Re: chunk size (was Re: Time to deprecate old RAID formats?)

2007-10-23 Thread Doug Ledford
On Tue, 2007-10-23 at 21:21 +0200, Michal Soltys wrote:
 Doug Ledford wrote:
  
  Well, first I was thinking of files in the few hundreds of megabytes
  each to gigabytes each, and when they are streamed, they are streamed at
  a rate much lower than the full speed of the array, but still at a fast
  rate.  How parallel the reads are then would tend to be a function of
  chunk size versus streaming rate. 
 
 Ahh, I see now. Thanks for explanation.
 
 I wonder though, if setting large readahead would help, if you used larger 
 chunk size. Assuming other options are not possible - i.e. streaming from 
 larger buffer, while reading to it in a full stripe width at least.

Probably not.  All my trial and error in the past with raid5 arrays and
various situations that would cause pathological worst case behavior
showed that once reads themselves reach 16k in size, and are sequential
in nature, then the disk firmware's read ahead kicks in and your
performance stays about the same regardless of increasing your OS read
ahead.  In a nutshell, once you've convinced the disk firmware that you
are going to be reading some data sequentially, it does the rest.  With
a large stripe size (say 256k+), you'll trigger this firmware read ahead
fairly early on in reading any given stripe, so you really don't buy
much by reading the next stripe before you need it, and in fact can end
up wasting a lot of RAM trying to do so, hurting overall performance.

  
  I'm not familiar with the benchmark you are referring to.
  
 
 I was thinking about 
 http://www.mail-archive.com/linux-raid@vger.kernel.org/msg08461.html
 
 with small discussion that happend after that.
-- 
Doug Ledford [EMAIL PROTECTED]
  GPG KeyID: CFBFF194
  http://people.redhat.com/dledford

Infiniband specific RPMs available at
  http://people.redhat.com/dledford/Infiniband


signature.asc
Description: This is a digitally signed message part


Re: chunk size (was Re: Time to deprecate old RAID formats?)
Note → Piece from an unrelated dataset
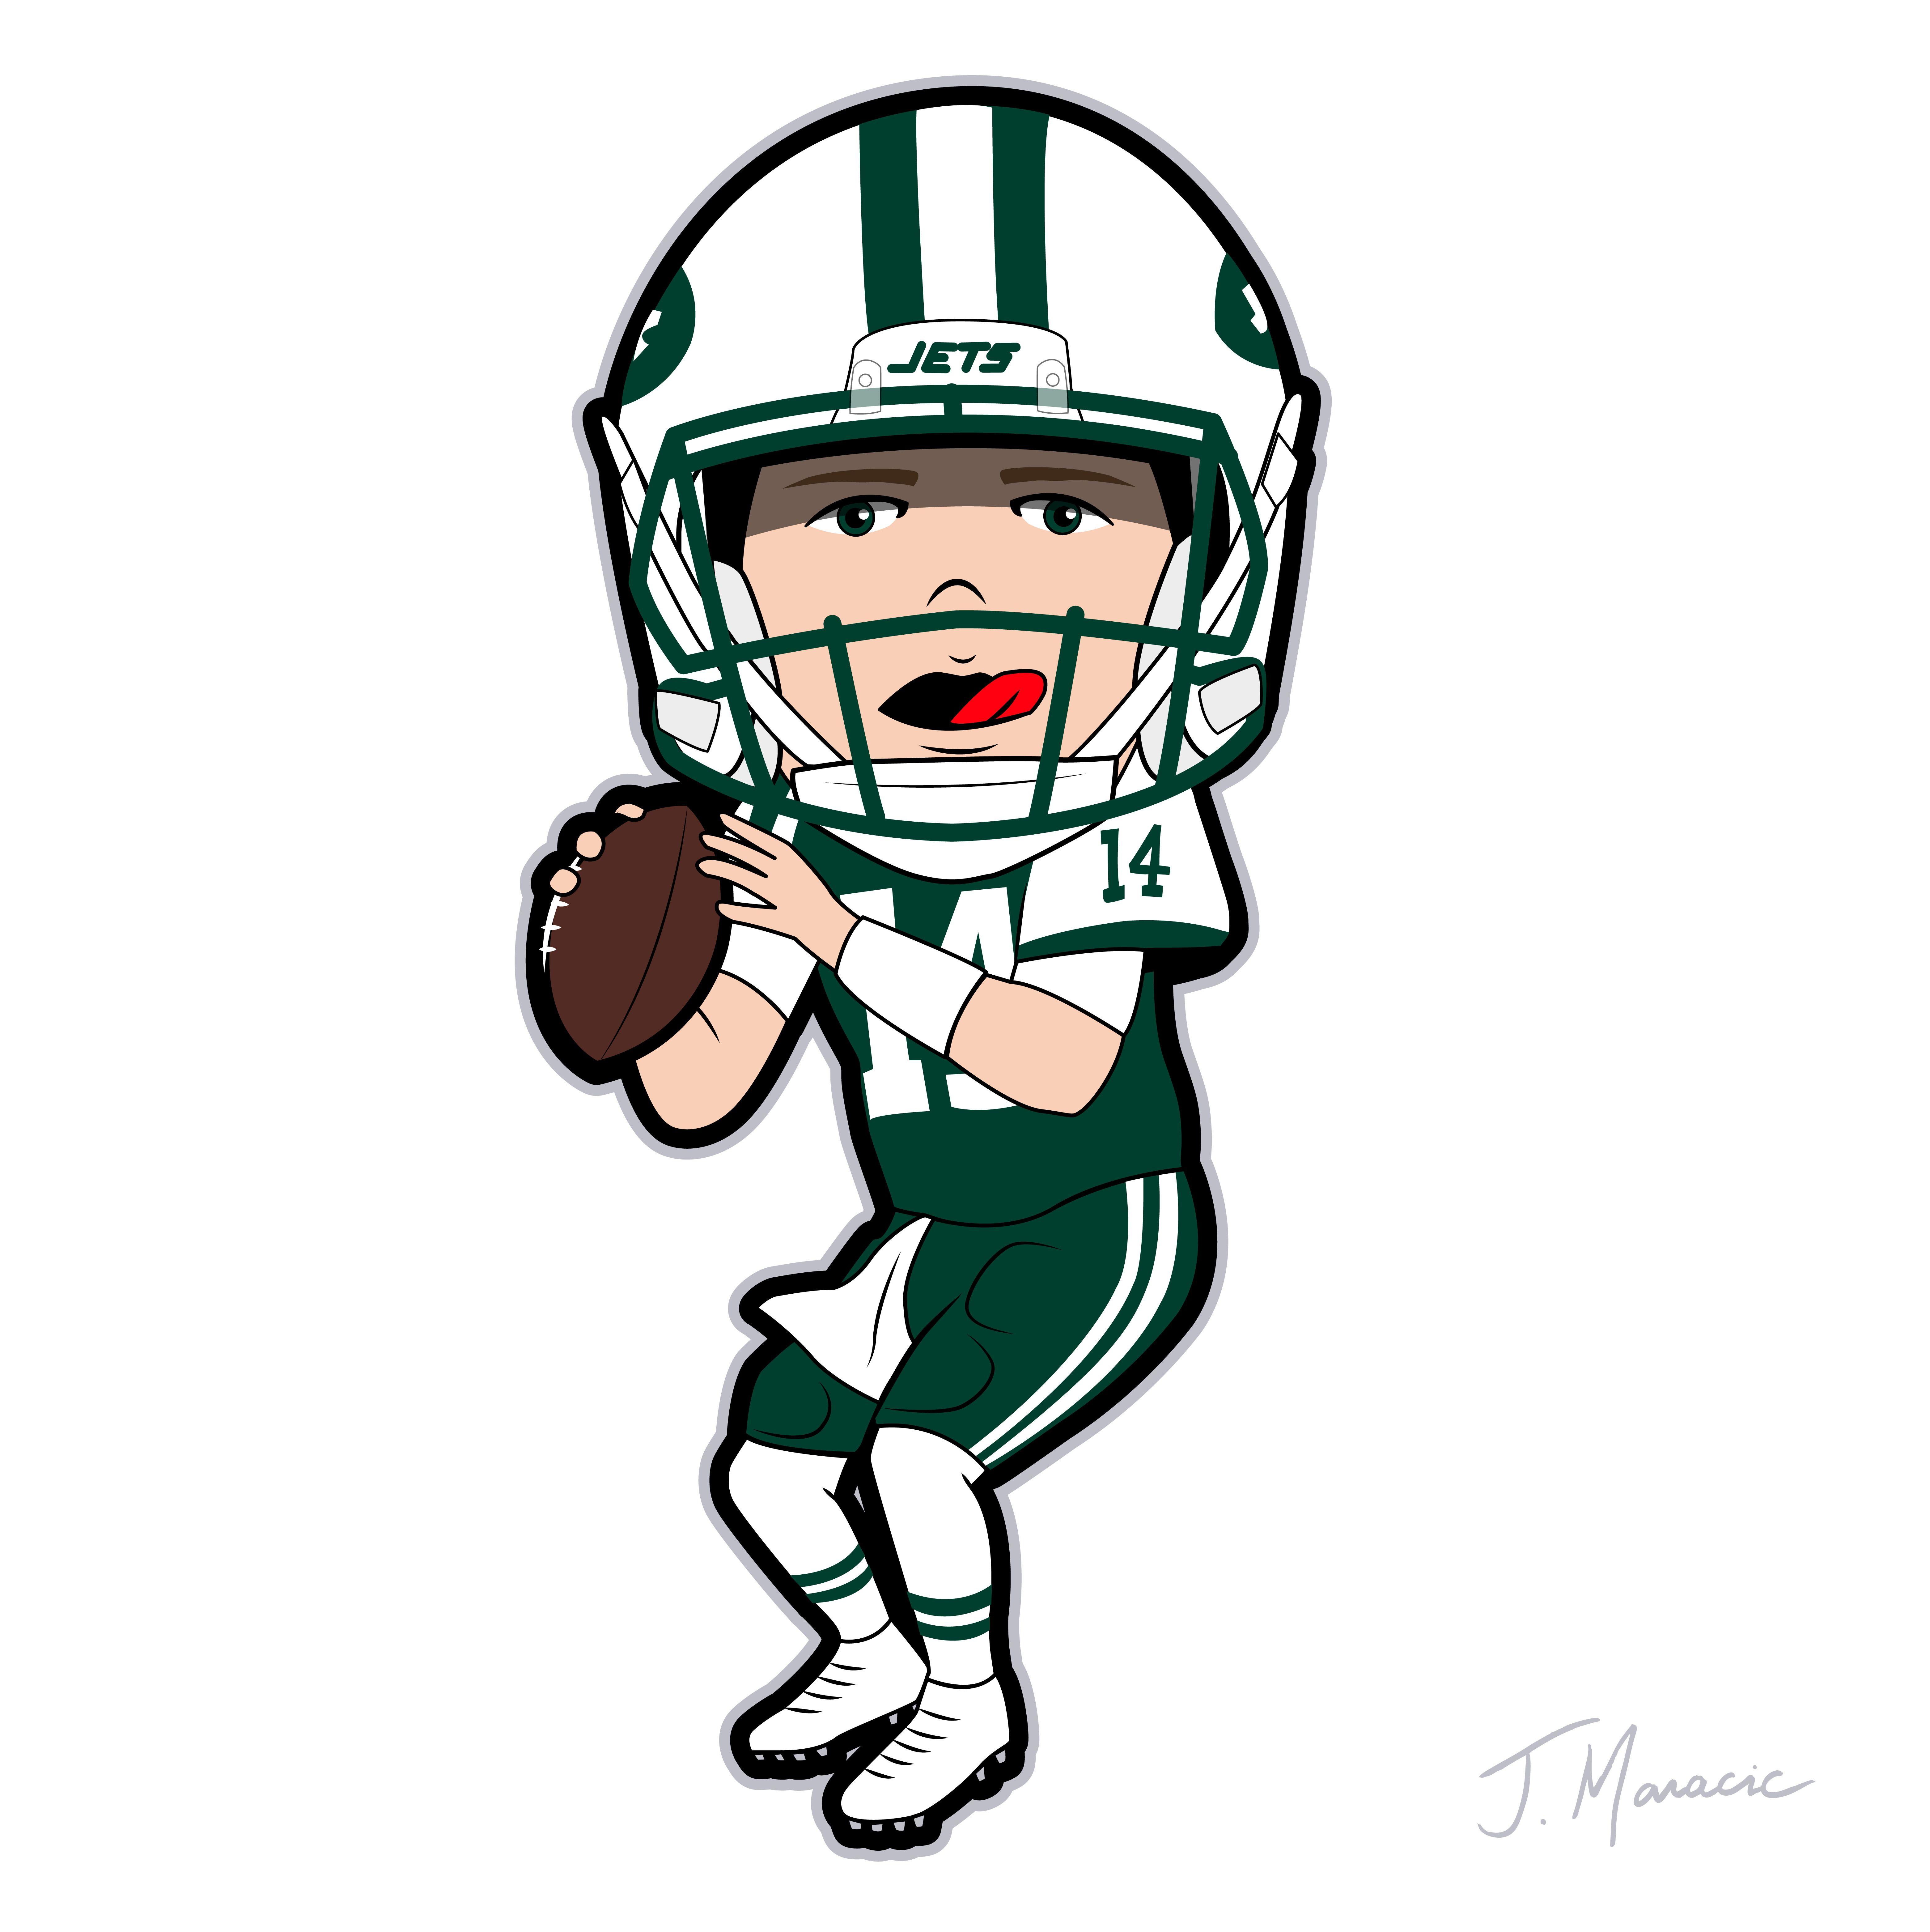 6245x6250 Toon Drawing Of Ny Jets Sam Darnold Joe Maracic
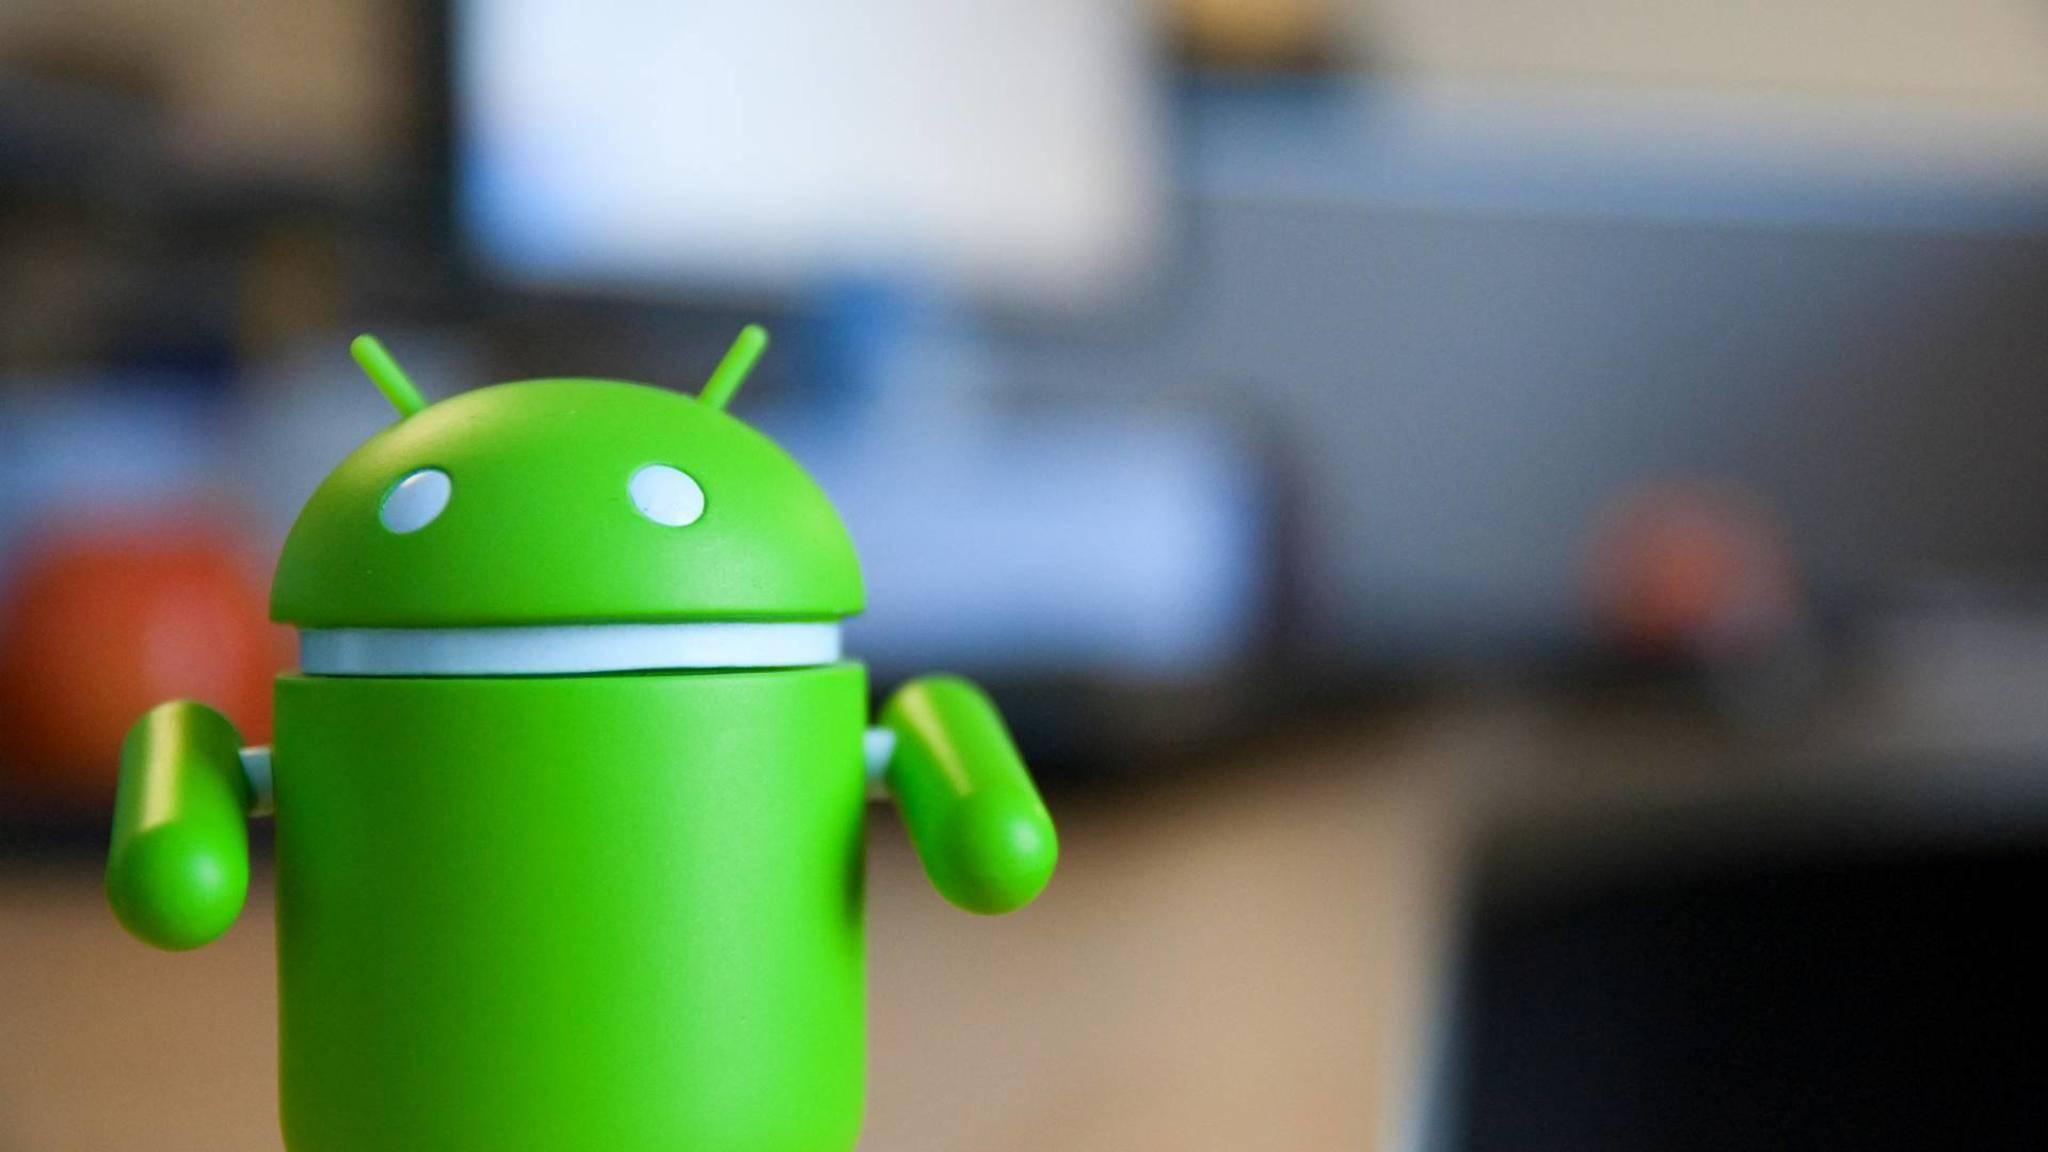 Android-Smartphones bieten häufig die Möglichkeit zum Ändern der Schriftgröße.

2007-10-20 Thread Doug Ledford
On Sat, 2007-10-20 at 00:43 +0200, Michal Soltys wrote:
 Doug Ledford wrote:
  course, this comes at the expense of peak throughput on the device.
  Let's say you were building a mondo movie server, where you were
  streaming out digital movie files.  In that case, you very well may care
  more about throughput than seek performance since I suspect you wouldn't
  have many small, random reads.  Then I would use a small chunk size,
  sacrifice the seek performance, and get the throughput bonus of parallel
  reads from the same stripe on multiple disks.  On the other hand, if I
  
 
 Out of curiosity though - why wouldn't large chunk work well here ? If you 
 stream video (I assume large files, so like a good few MBs at least), the 
 reads are parallel either way.

Well, first I was thinking of files in the few hundreds of megabytes
each to gigabytes each, and when they are streamed, they are streamed at
a rate much lower than the full speed of the array, but still at a fast
rate.  How parallel the reads are then would tend to be a function of
chunk size versus streaming rate.  I guess I should clarify what I'm
talking about anyway.  To me, a large chunk size is 1 to 2MB or so, a
small chunk size is in the 64k to 256k range.  If you have a 10 disk
raid5 array with a 2mb chunk size, and you aren't just copying files
around, then it's hard to ever get that to do full speed parallel reads
because you simply won't access the data fast enough.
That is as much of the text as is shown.